- What is required:
Leaving the pictures aside, transcribe the data below exactly.

- Supplied information:

************

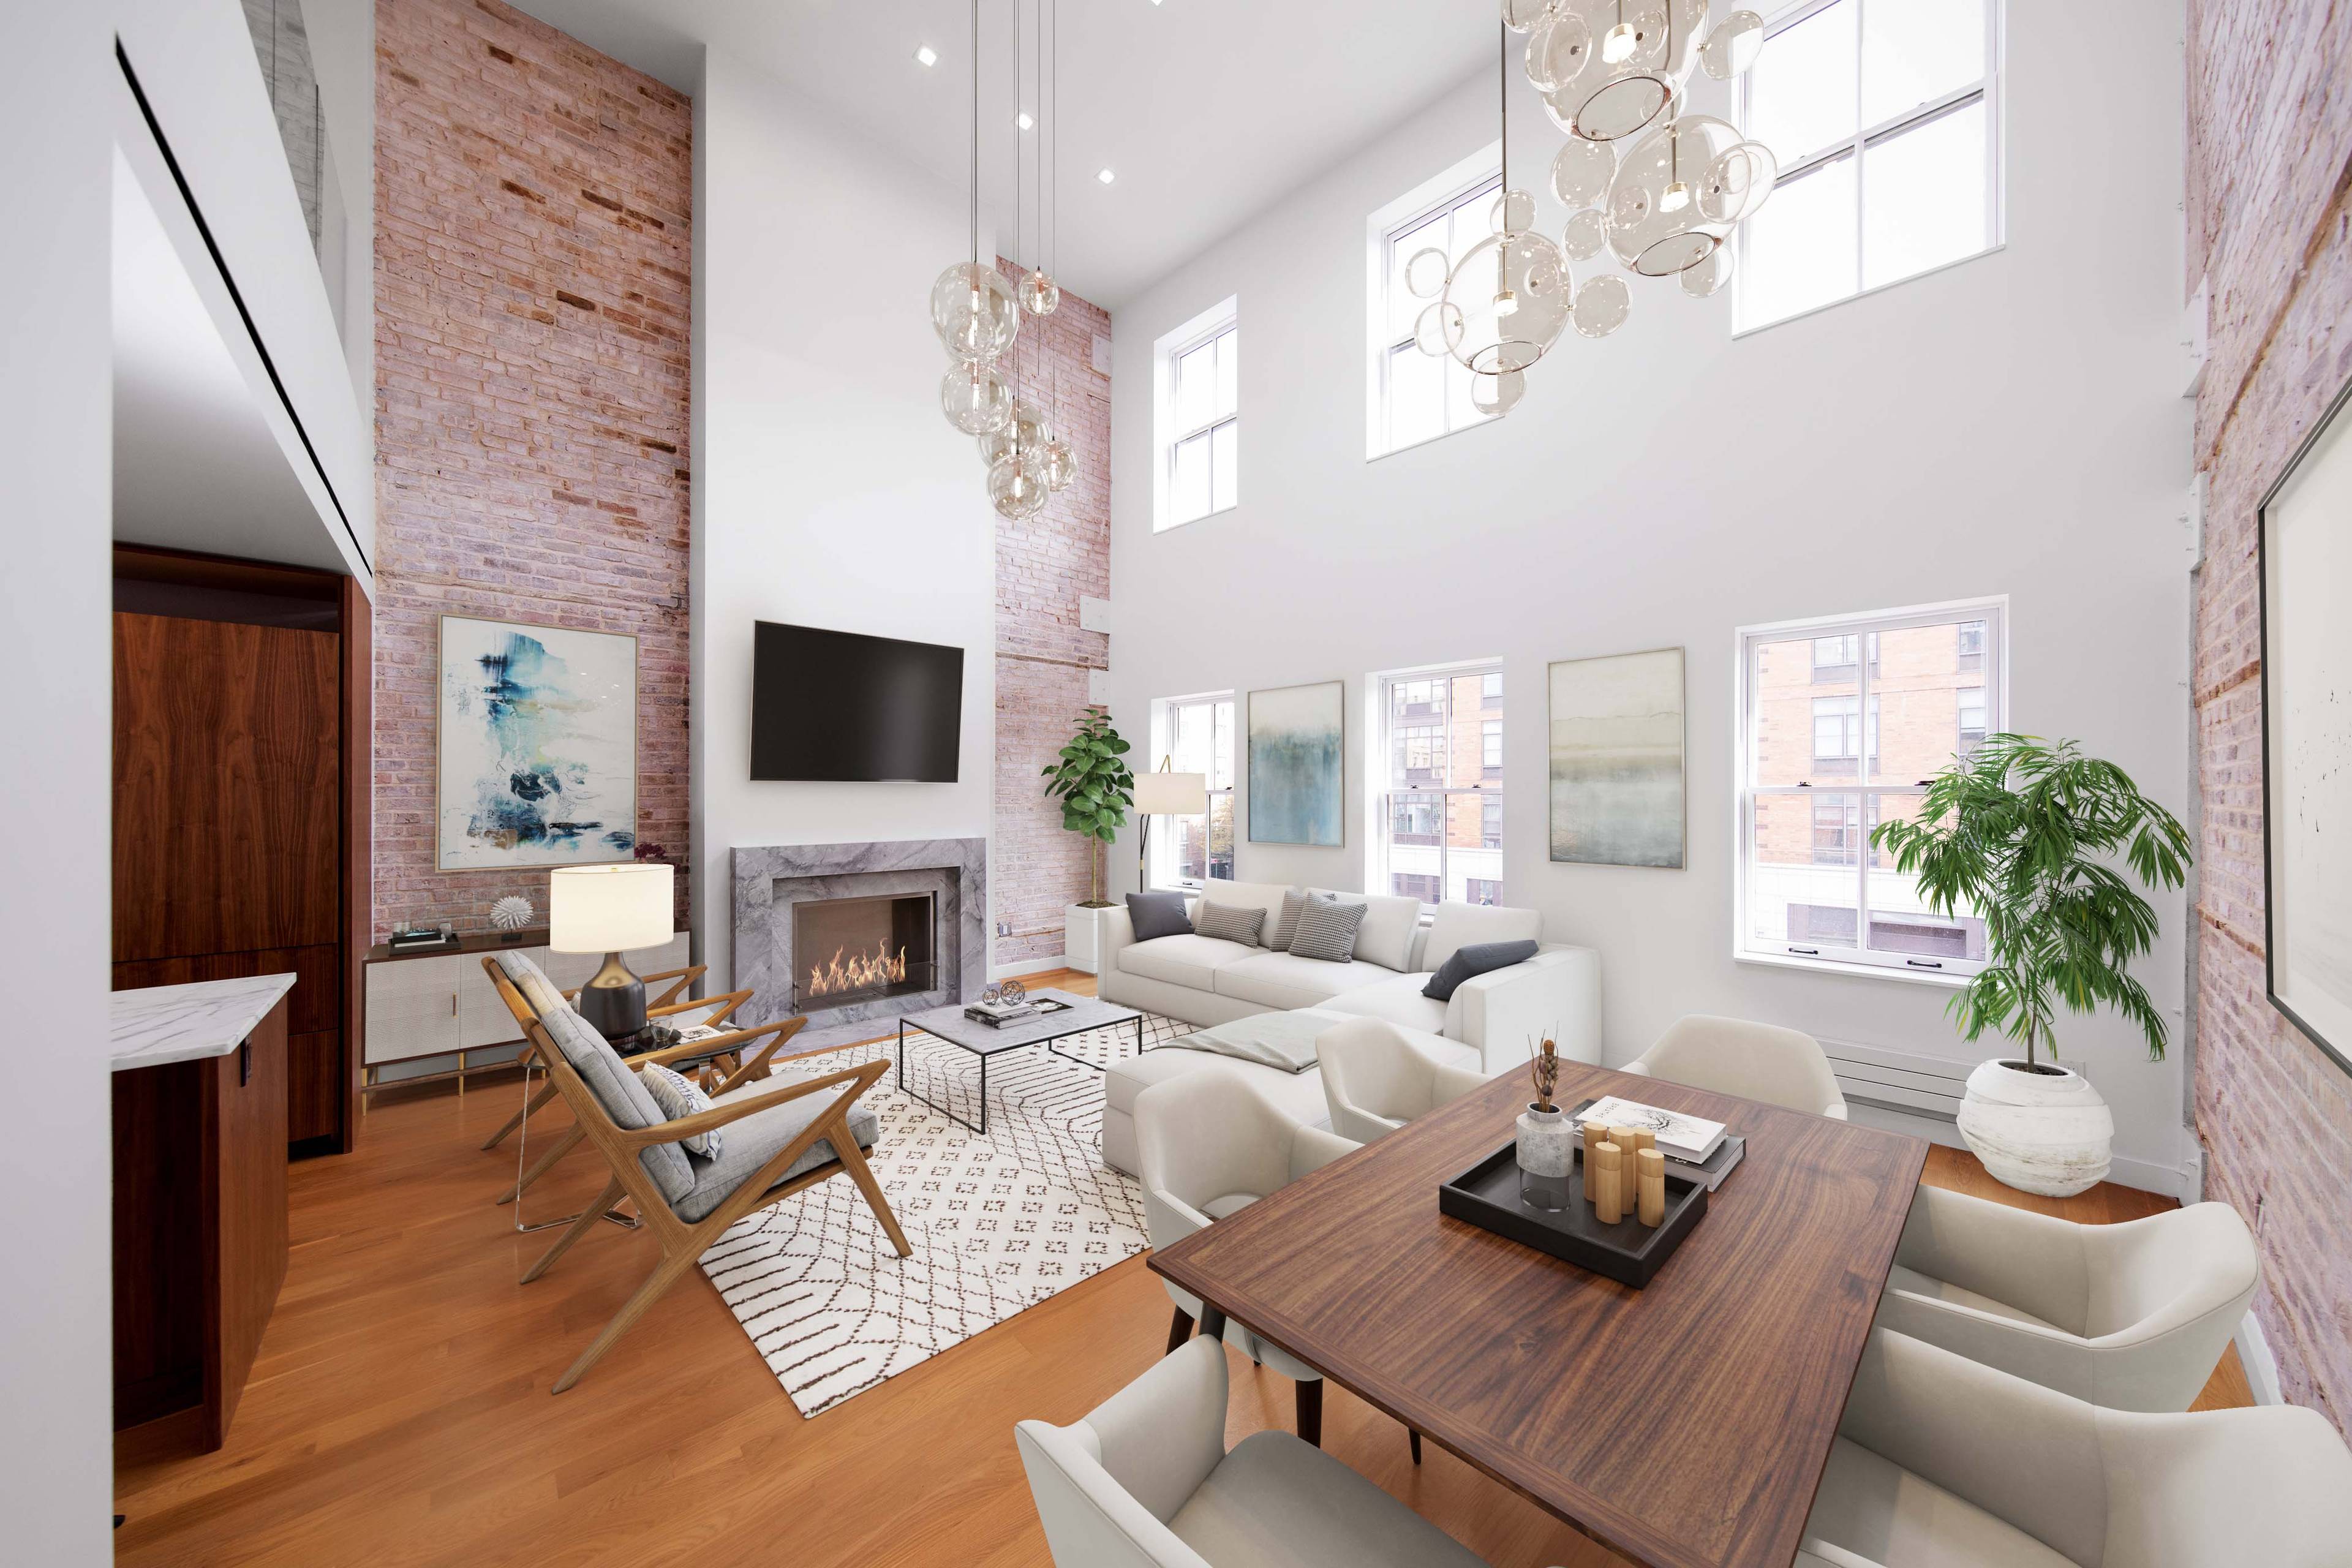 Immaculate gut renovated townhouse in Greenwich Village
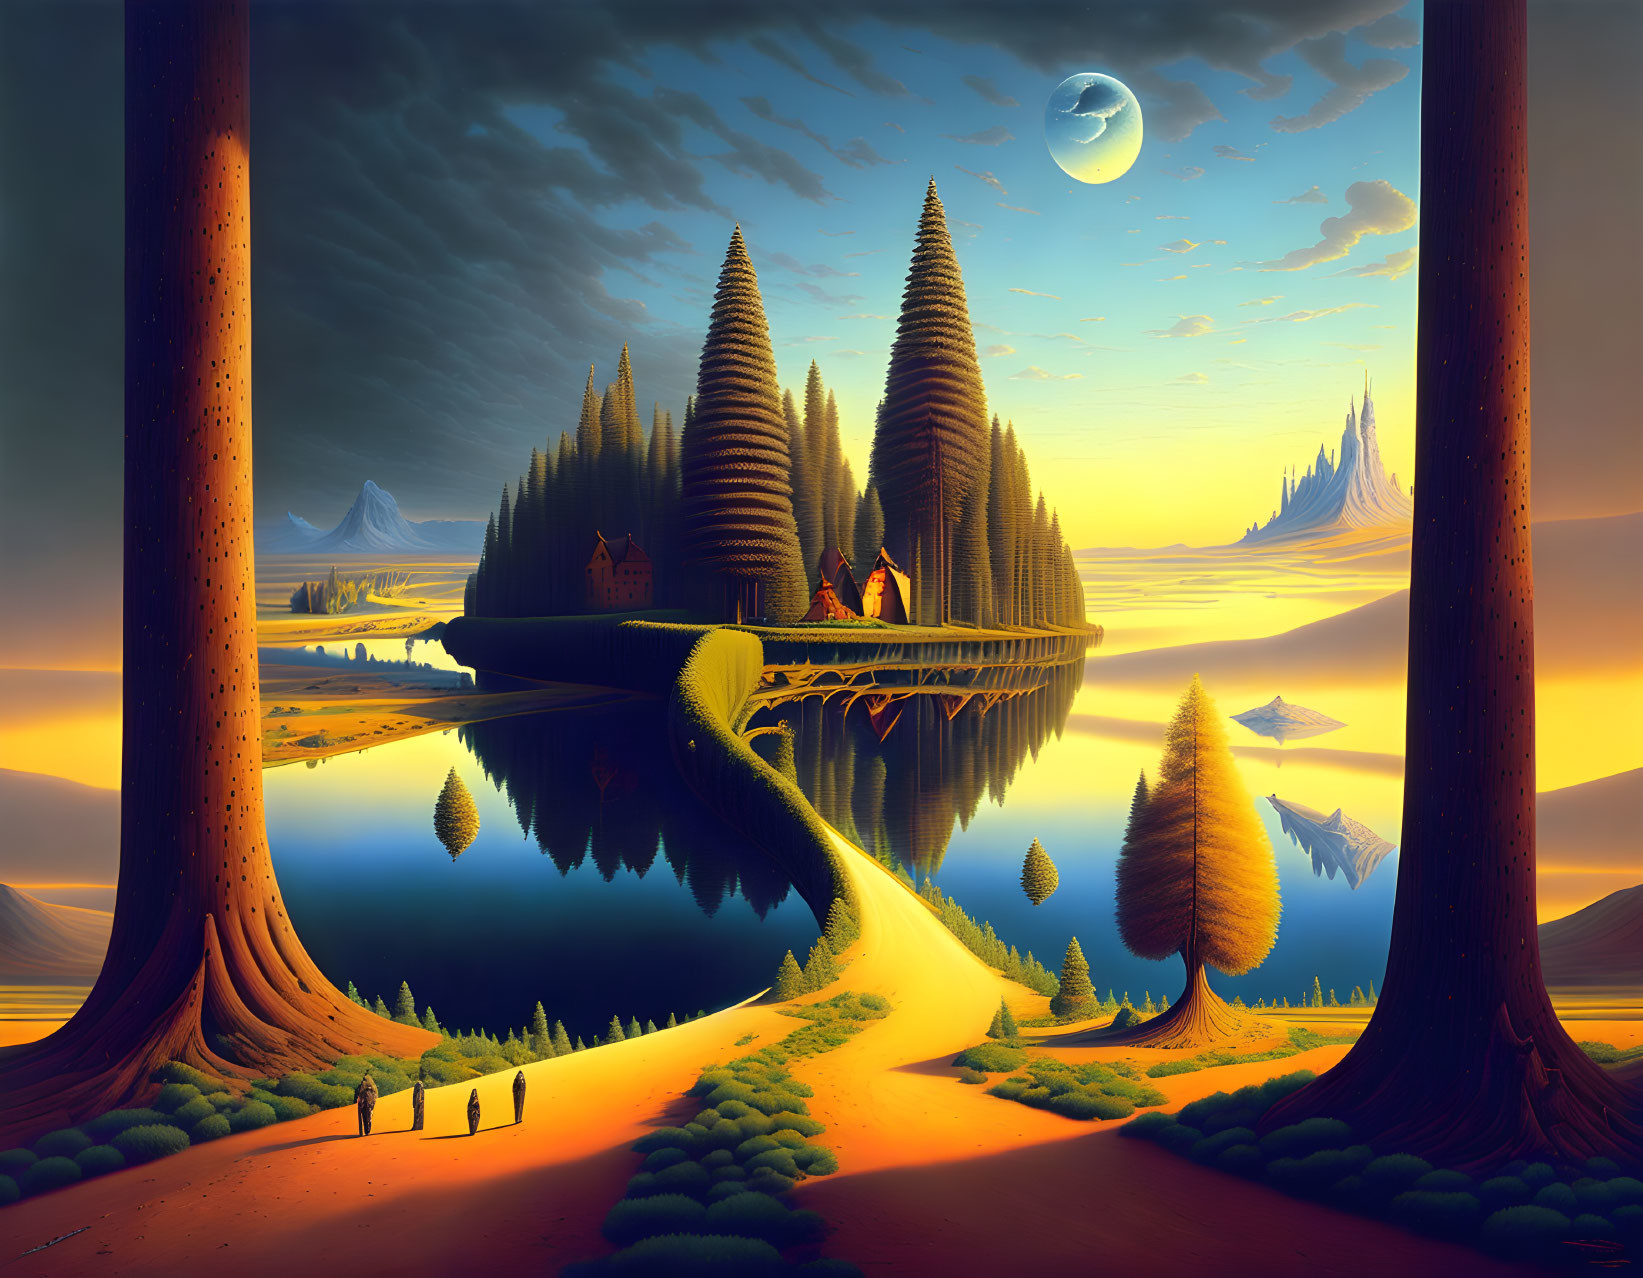 Surreal landscape with towering trees, winding path, conical hills, reflective lake, moonlit
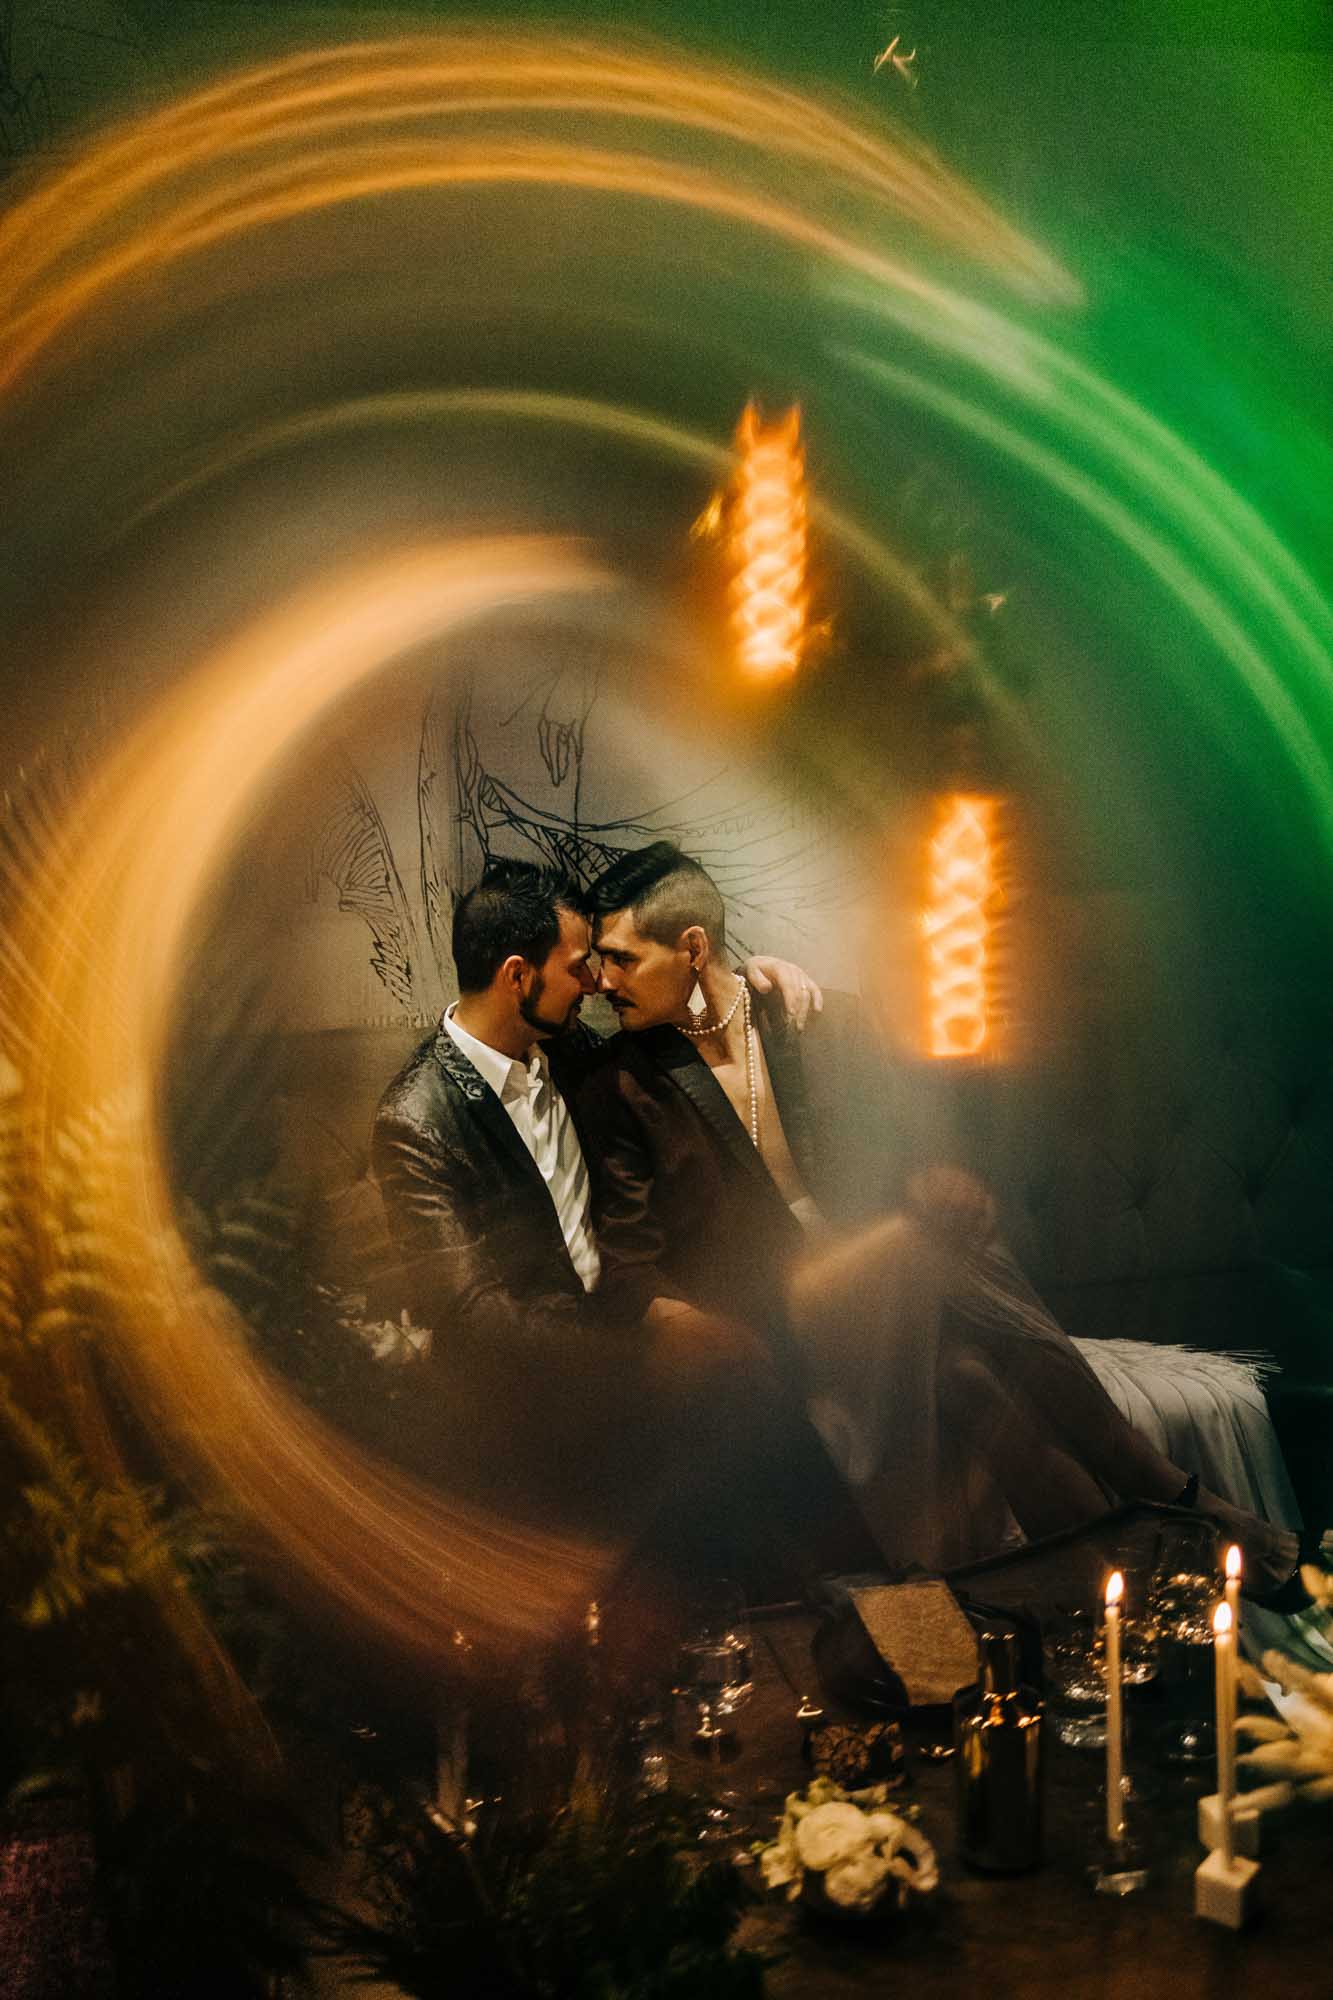  Elegance, style and gender fluidity at this styled shoot inside a speakeasy | Rebecca Stone Photography | Featured on Equally Wed, the leading LGBTQ+ wedding magazine

************

- Exercise output:
 Immaculate gut renovated townhouse in Greenwich Village
 Surreal landscape with towering trees, winding path, conical hills, reflective lake, moonlit
  Elegance, style and gender fluidity at this styled shoot inside a speakeasy | Rebecca Stone Photography | Featured on Equally Wed, the leading LGBTQ+ wedding magazine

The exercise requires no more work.